## Problem to work on
Take the entries below and print only the lines from the one with "Star Wars Wallpaper" through the one with "by evekhalili ❤", exactly as they stand, both ends included.

## Material for the task

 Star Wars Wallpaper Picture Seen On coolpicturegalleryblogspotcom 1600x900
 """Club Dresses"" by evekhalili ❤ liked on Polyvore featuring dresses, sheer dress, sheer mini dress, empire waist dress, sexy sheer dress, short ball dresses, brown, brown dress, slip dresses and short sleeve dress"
---
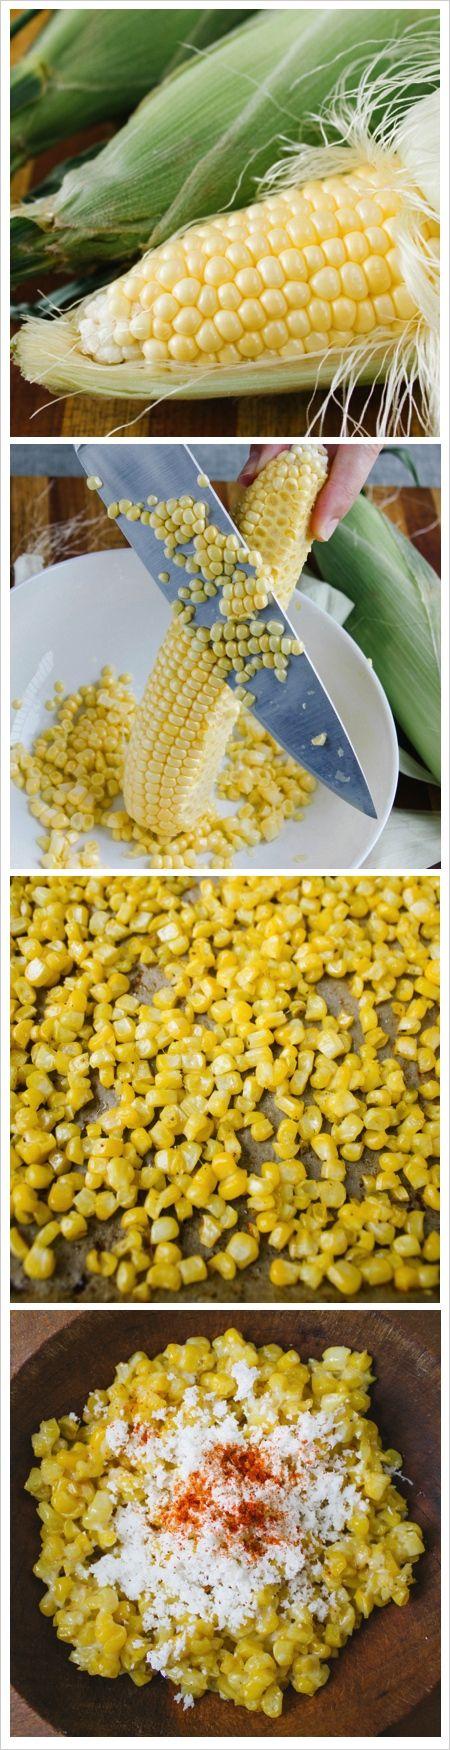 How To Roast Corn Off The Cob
* * *
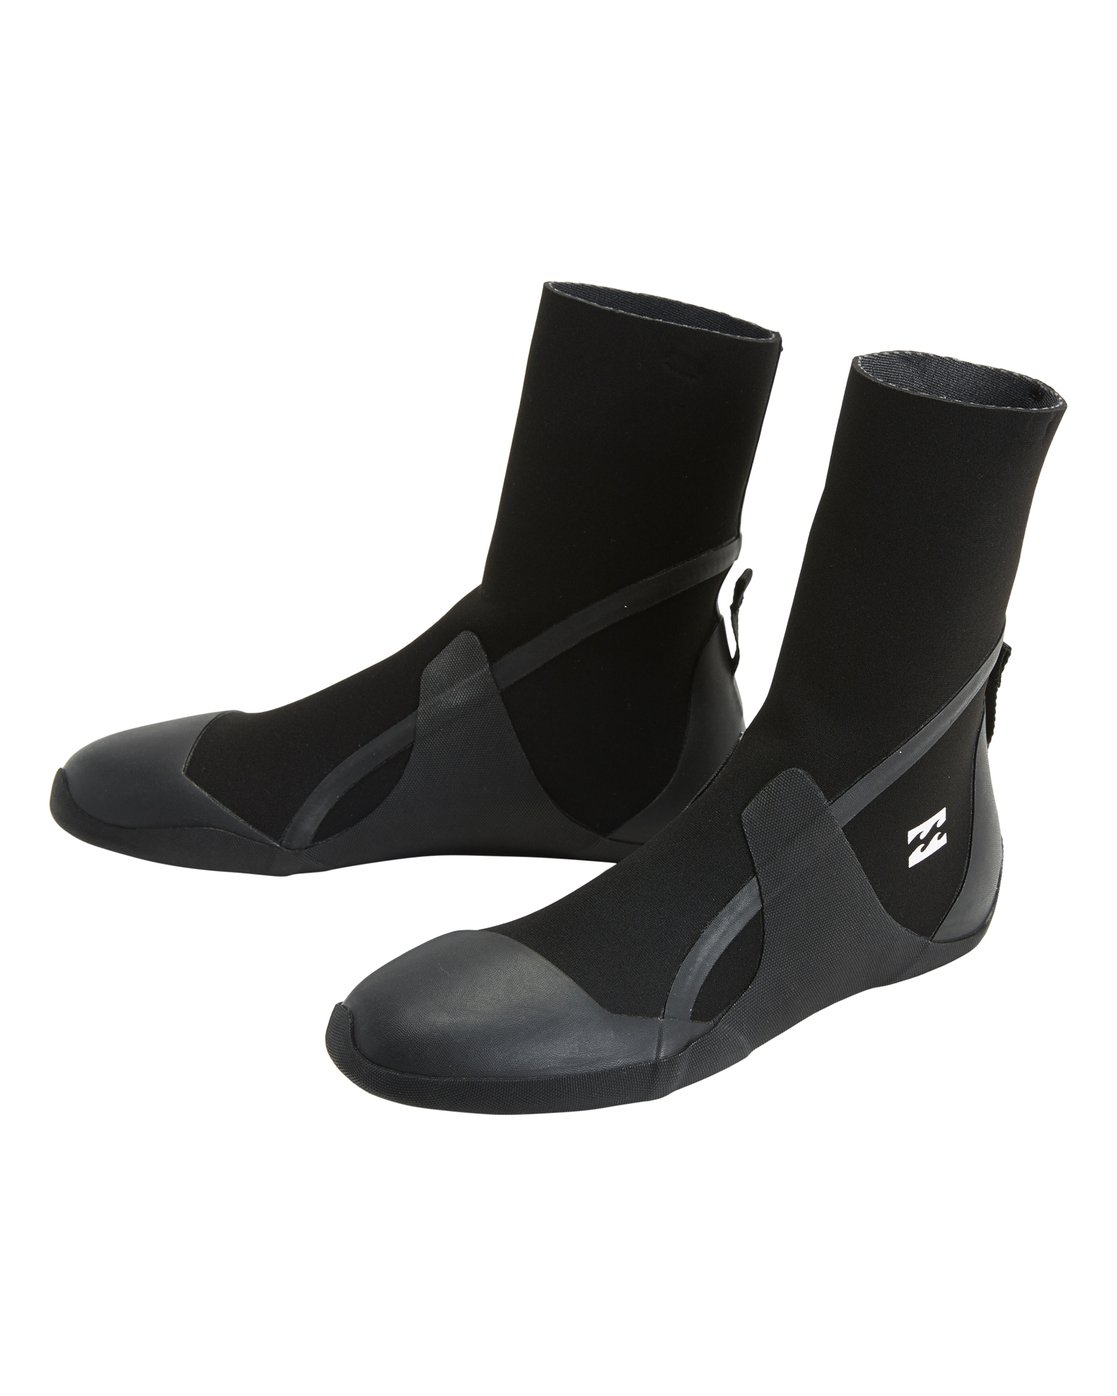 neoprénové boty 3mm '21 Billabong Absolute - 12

## Written response
 Star Wars Wallpaper Picture Seen On coolpicturegalleryblogspotcom 1600x900
 """Club Dresses"" by evekhalili ❤ liked on Polyvore featuring dresses, sheer dress, sheer mini dress, empire waist dress, sexy sheer dress, short ball dresses, brown, brown dress, slip dresses and short sleeve dress"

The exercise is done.